> Material for this exercise

Segment Open

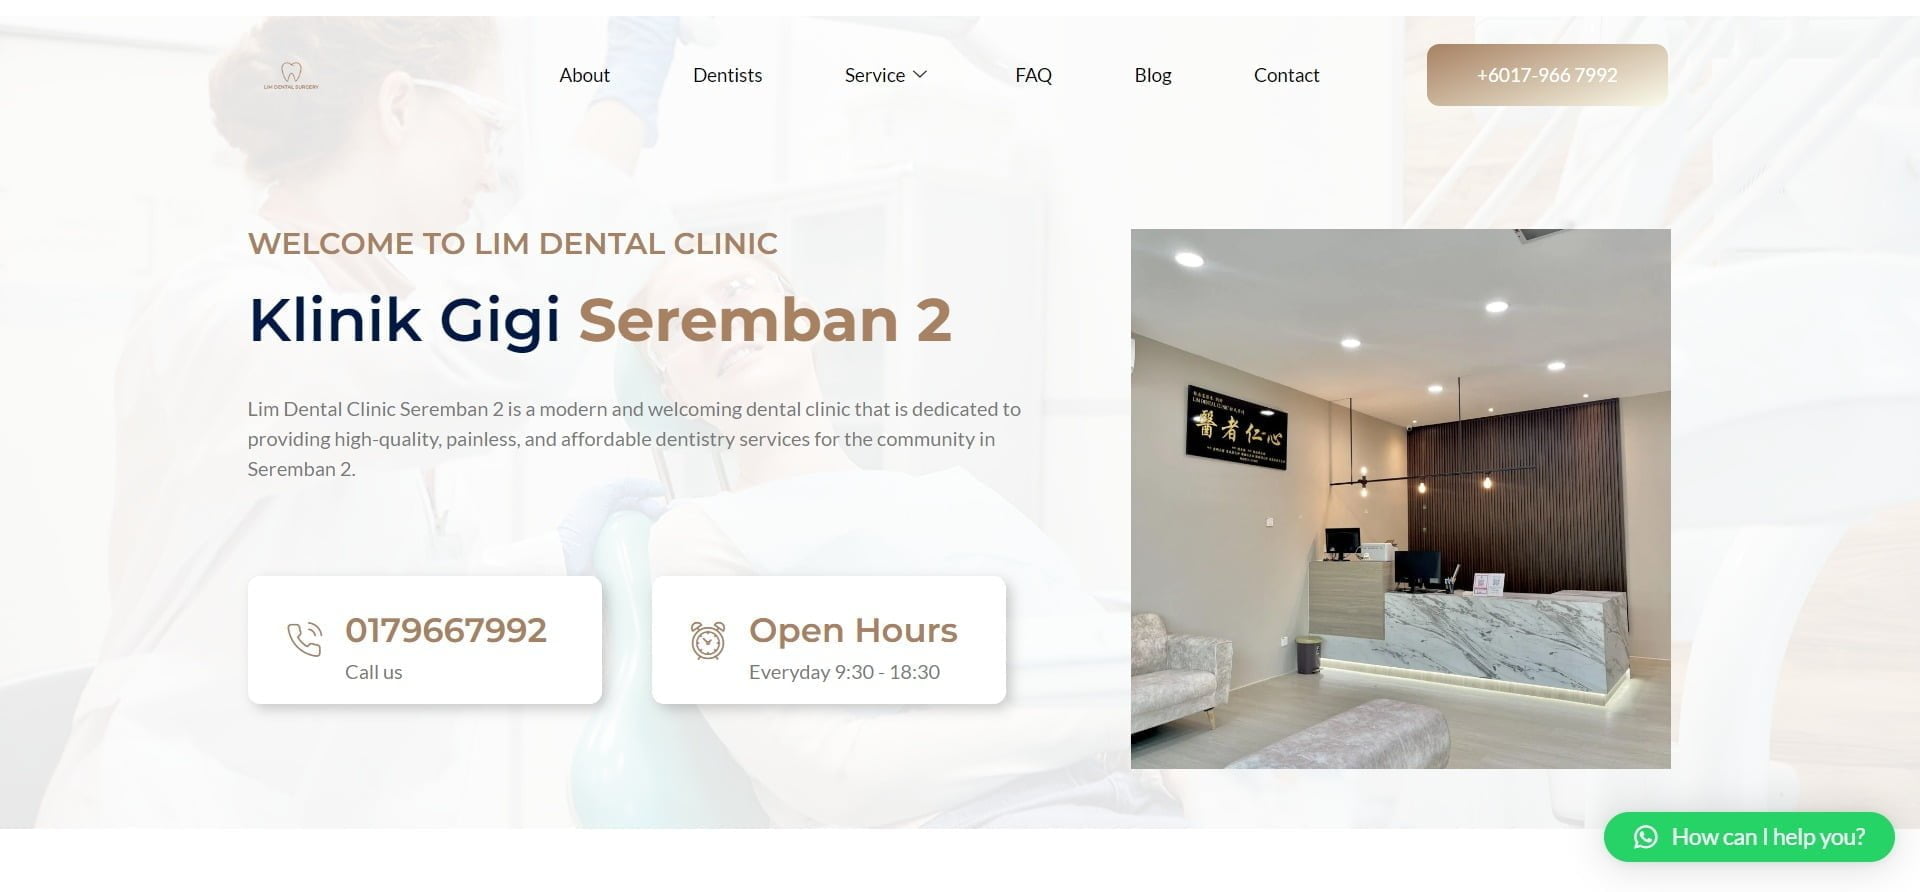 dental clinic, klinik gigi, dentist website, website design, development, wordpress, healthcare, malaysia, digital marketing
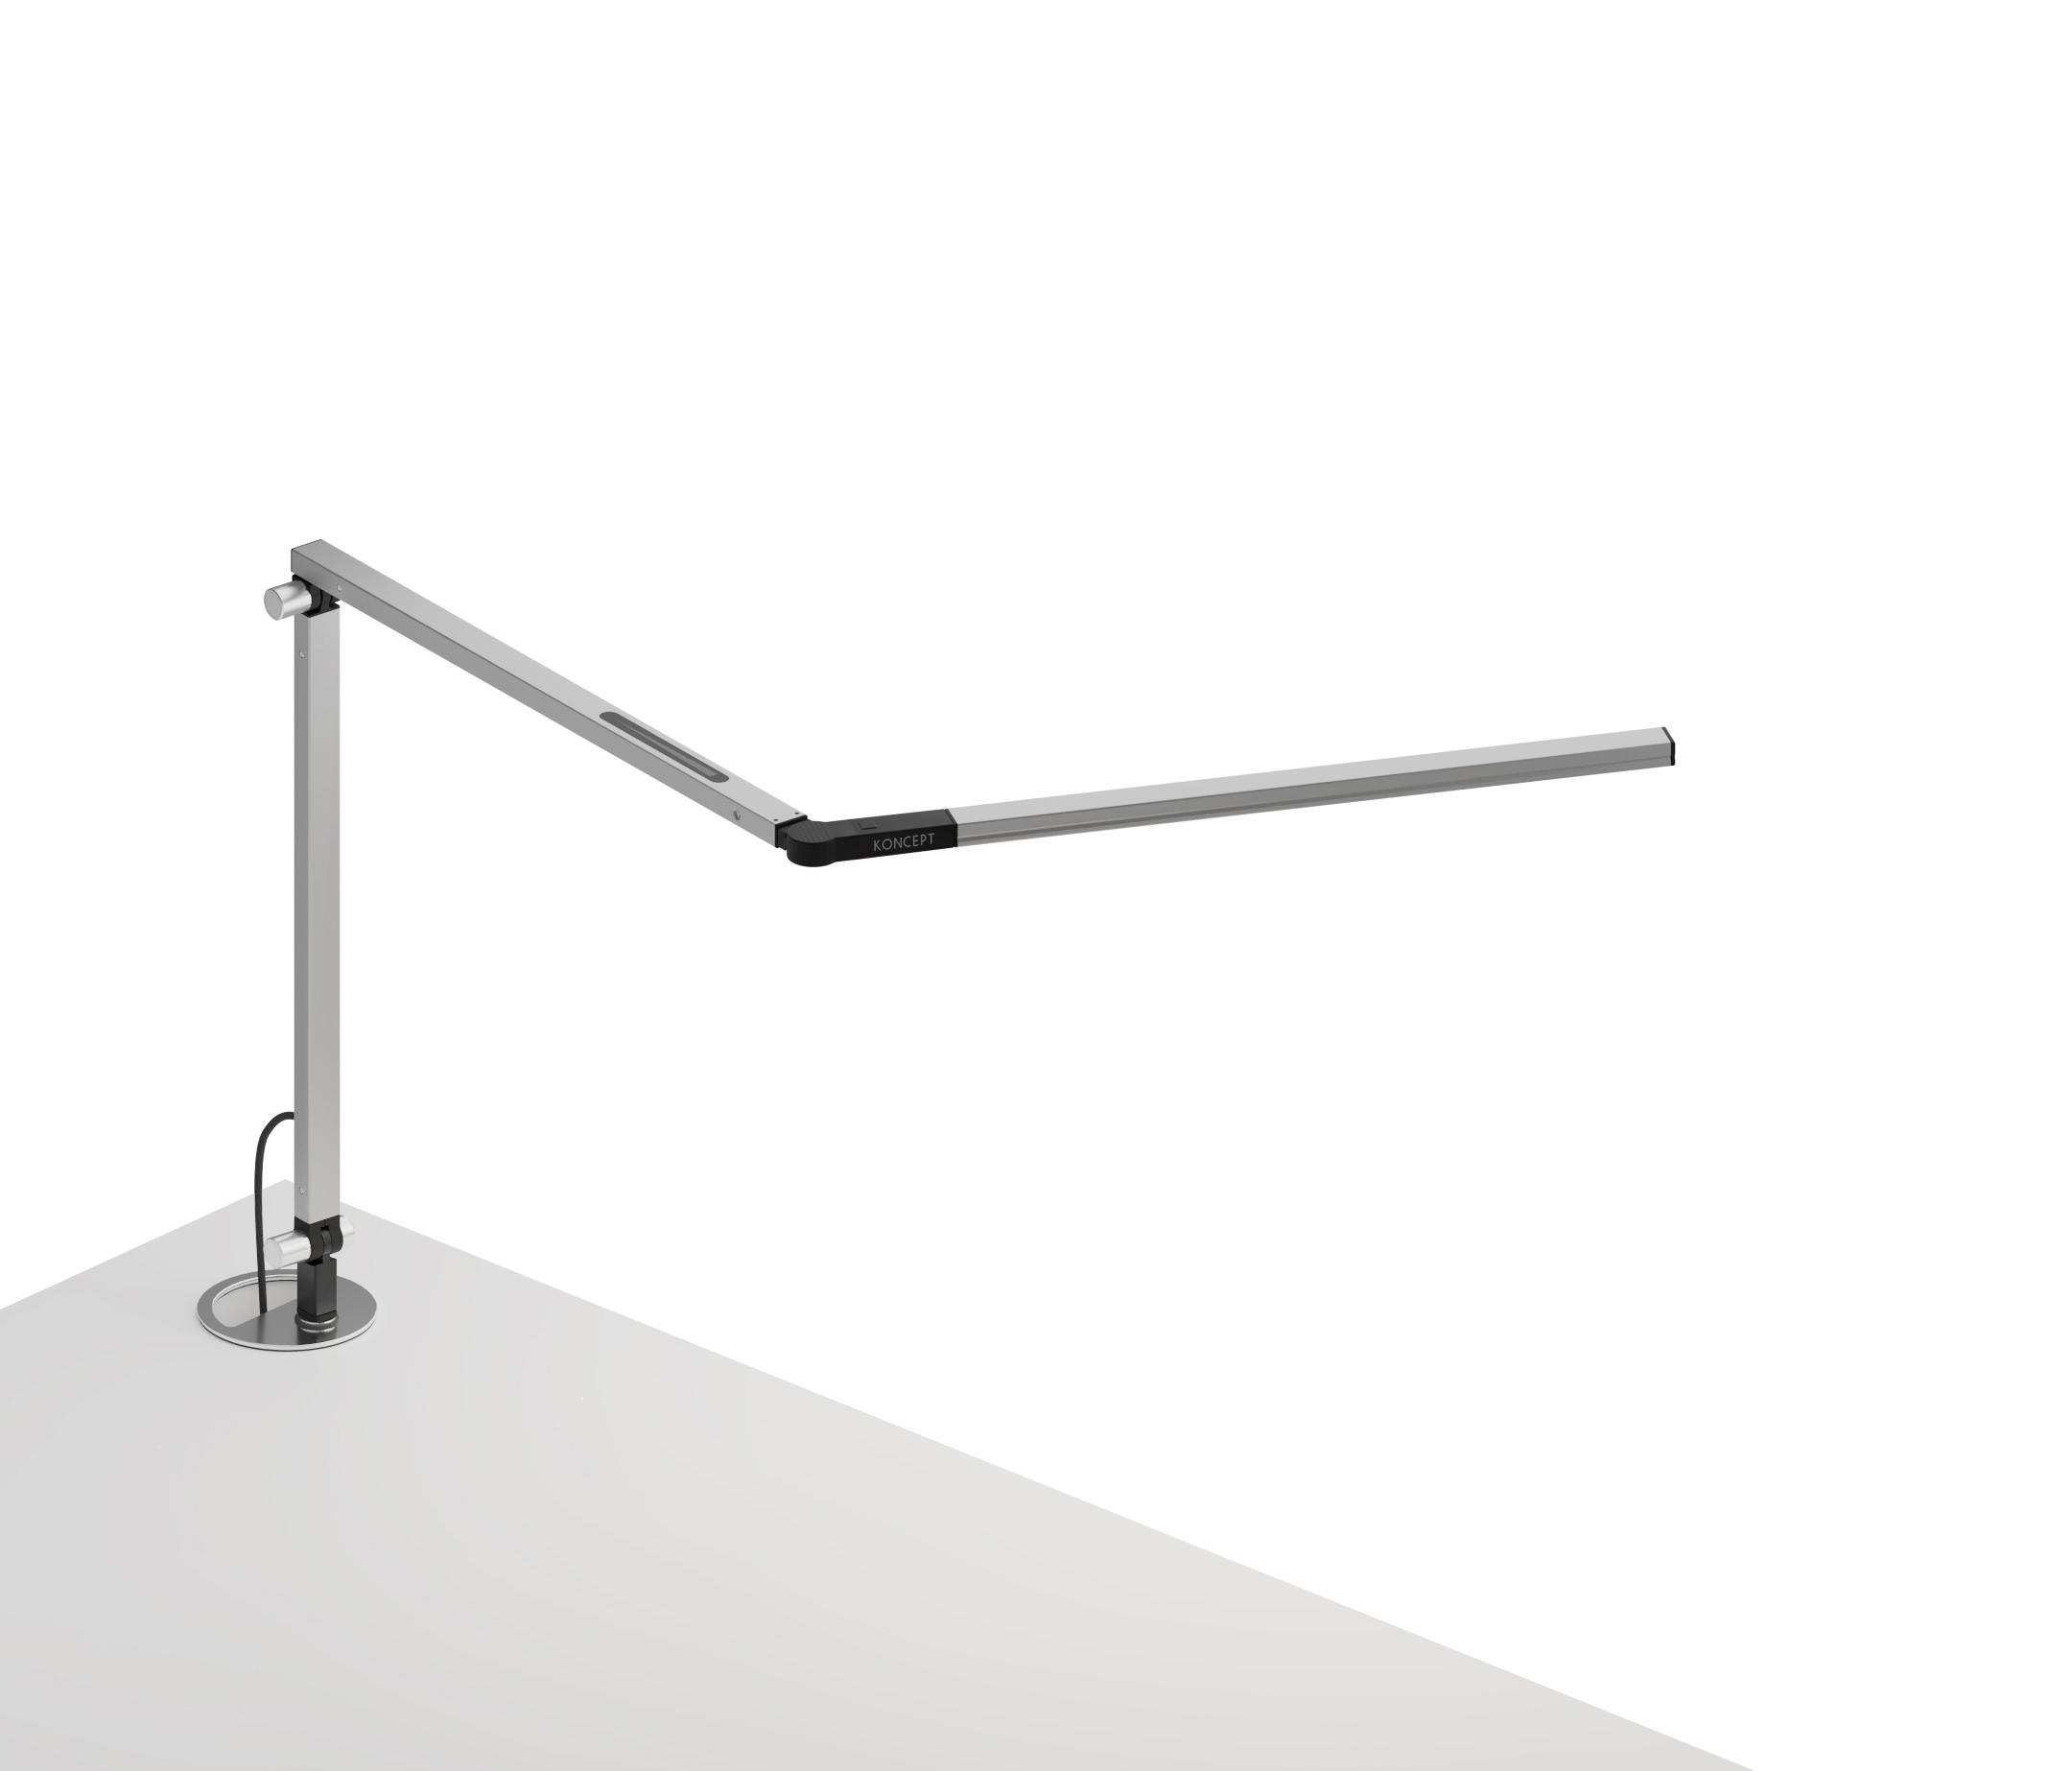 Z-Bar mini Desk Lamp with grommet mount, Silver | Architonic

Segment Closed
Segment Open

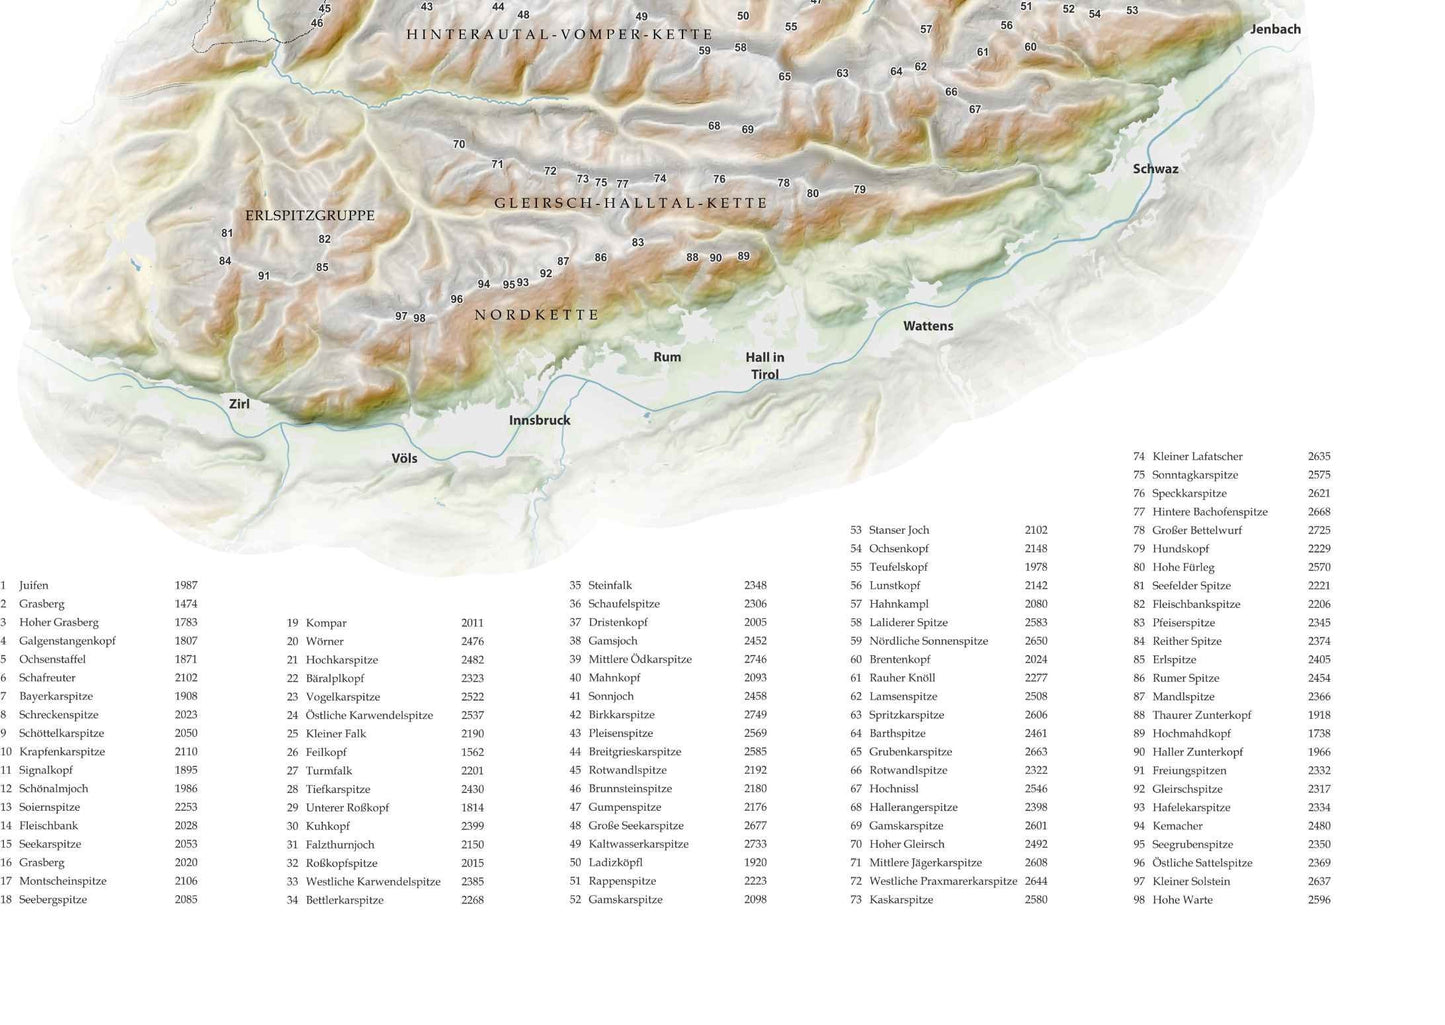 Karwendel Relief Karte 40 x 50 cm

Segment Closed

> Activity
From the records above, extract the lines from the one holding "dental clinic, klinik" through the one holding "Z-Bar mini Desk", word for word; omit the pictures.

> Task result
 dental clinic, klinik gigi, dentist website, website design, development, wordpress, healthcare, malaysia, digital marketing
 Z-Bar mini Desk Lamp with grommet mount, Silver | Architonic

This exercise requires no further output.